◆ EXERCISE AIM:
Each record listed below is to be output exactly as written.

◆ RECORDS FOR THIS EXERCISE:
-- Opening Marker --
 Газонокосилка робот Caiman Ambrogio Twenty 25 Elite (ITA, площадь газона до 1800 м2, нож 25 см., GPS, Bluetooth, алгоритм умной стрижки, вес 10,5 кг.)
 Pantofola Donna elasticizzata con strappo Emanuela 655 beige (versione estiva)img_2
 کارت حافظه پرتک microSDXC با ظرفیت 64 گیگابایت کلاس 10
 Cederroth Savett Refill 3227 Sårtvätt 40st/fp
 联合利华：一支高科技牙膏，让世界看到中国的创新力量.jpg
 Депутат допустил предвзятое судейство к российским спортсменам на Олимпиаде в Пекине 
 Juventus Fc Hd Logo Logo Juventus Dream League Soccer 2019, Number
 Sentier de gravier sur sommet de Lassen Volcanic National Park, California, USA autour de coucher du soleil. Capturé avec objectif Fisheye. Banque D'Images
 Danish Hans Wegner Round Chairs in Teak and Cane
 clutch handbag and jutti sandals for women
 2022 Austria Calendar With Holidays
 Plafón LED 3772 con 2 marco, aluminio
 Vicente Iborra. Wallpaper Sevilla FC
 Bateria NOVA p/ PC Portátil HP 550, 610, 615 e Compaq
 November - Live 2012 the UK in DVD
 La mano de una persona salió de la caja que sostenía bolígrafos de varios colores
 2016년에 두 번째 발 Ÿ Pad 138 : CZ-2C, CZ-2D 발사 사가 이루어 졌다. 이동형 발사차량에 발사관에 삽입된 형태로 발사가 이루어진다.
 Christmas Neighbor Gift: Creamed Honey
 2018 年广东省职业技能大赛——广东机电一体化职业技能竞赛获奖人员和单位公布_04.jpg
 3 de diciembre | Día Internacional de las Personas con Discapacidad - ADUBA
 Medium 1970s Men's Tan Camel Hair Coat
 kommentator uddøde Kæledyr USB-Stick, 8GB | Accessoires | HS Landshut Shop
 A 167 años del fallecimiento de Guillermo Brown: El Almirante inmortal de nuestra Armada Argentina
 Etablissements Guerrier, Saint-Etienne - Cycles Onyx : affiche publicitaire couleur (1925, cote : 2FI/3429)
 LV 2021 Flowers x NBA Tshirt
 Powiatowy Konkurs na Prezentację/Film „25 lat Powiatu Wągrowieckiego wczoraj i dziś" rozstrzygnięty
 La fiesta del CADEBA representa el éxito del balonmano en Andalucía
-- Closing Marker --
◆ SOLUTION FOR THIS EXERCISE:
 Газонокосилка робот Caiman Ambrogio Twenty 25 Elite (ITA, площадь газона до 1800 м2, нож 25 см., GPS, Bluetooth, алгоритм умной стрижки, вес 10,5 кг.)
 Pantofola Donna elasticizzata con strappo Emanuela 655 beige (versione estiva)img_2
 کارت حافظه پرتک microSDXC با ظرفیت 64 گیگابایت کلاس 10
 Cederroth Savett Refill 3227 Sårtvätt 40st/fp
 联合利华：一支高科技牙膏，让世界看到中国的创新力量.jpg
 Депутат допустил предвзятое судейство к российским спортсменам на Олимпиаде в Пекине 
 Juventus Fc Hd Logo Logo Juventus Dream League Soccer 2019, Number
 Sentier de gravier sur sommet de Lassen Volcanic National Park, California, USA autour de coucher du soleil. Capturé avec objectif Fisheye. Banque D'Images
 Danish Hans Wegner Round Chairs in Teak and Cane
 clutch handbag and jutti sandals for women
 2022 Austria Calendar With Holidays
 Plafón LED 3772 con 2 marco, aluminio
 Vicente Iborra. Wallpaper Sevilla FC
 Bateria NOVA p/ PC Portátil HP 550, 610, 615 e Compaq
 November - Live 2012 the UK in DVD
 La mano de una persona salió de la caja que sostenía bolígrafos de varios colores
 2016년에 두 번째 발 Ÿ Pad 138 : CZ-2C, CZ-2D 발사 사가 이루어 졌다. 이동형 발사차량에 발사관에 삽입된 형태로 발사가 이루어진다.
 Christmas Neighbor Gift: Creamed Honey
 2018 年广东省职业技能大赛——广东机电一体化职业技能竞赛获奖人员和单位公布_04.jpg
 3 de diciembre | Día Internacional de las Personas con Discapacidad - ADUBA
 Medium 1970s Men's Tan Camel Hair Coat
 kommentator uddøde Kæledyr USB-Stick, 8GB | Accessoires | HS Landshut Shop
 A 167 años del fallecimiento de Guillermo Brown: El Almirante inmortal de nuestra Armada Argentina
 Etablissements Guerrier, Saint-Etienne - Cycles Onyx : affiche publicitaire couleur (1925, cote : 2FI/3429)
 LV 2021 Flowers x NBA Tshirt
 Powiatowy Konkurs na Prezentację/Film „25 lat Powiatu Wągrowieckiego wczoraj i dziś" rozstrzygnięty
 La fiesta del CADEBA representa el éxito del balonmano en Andalucía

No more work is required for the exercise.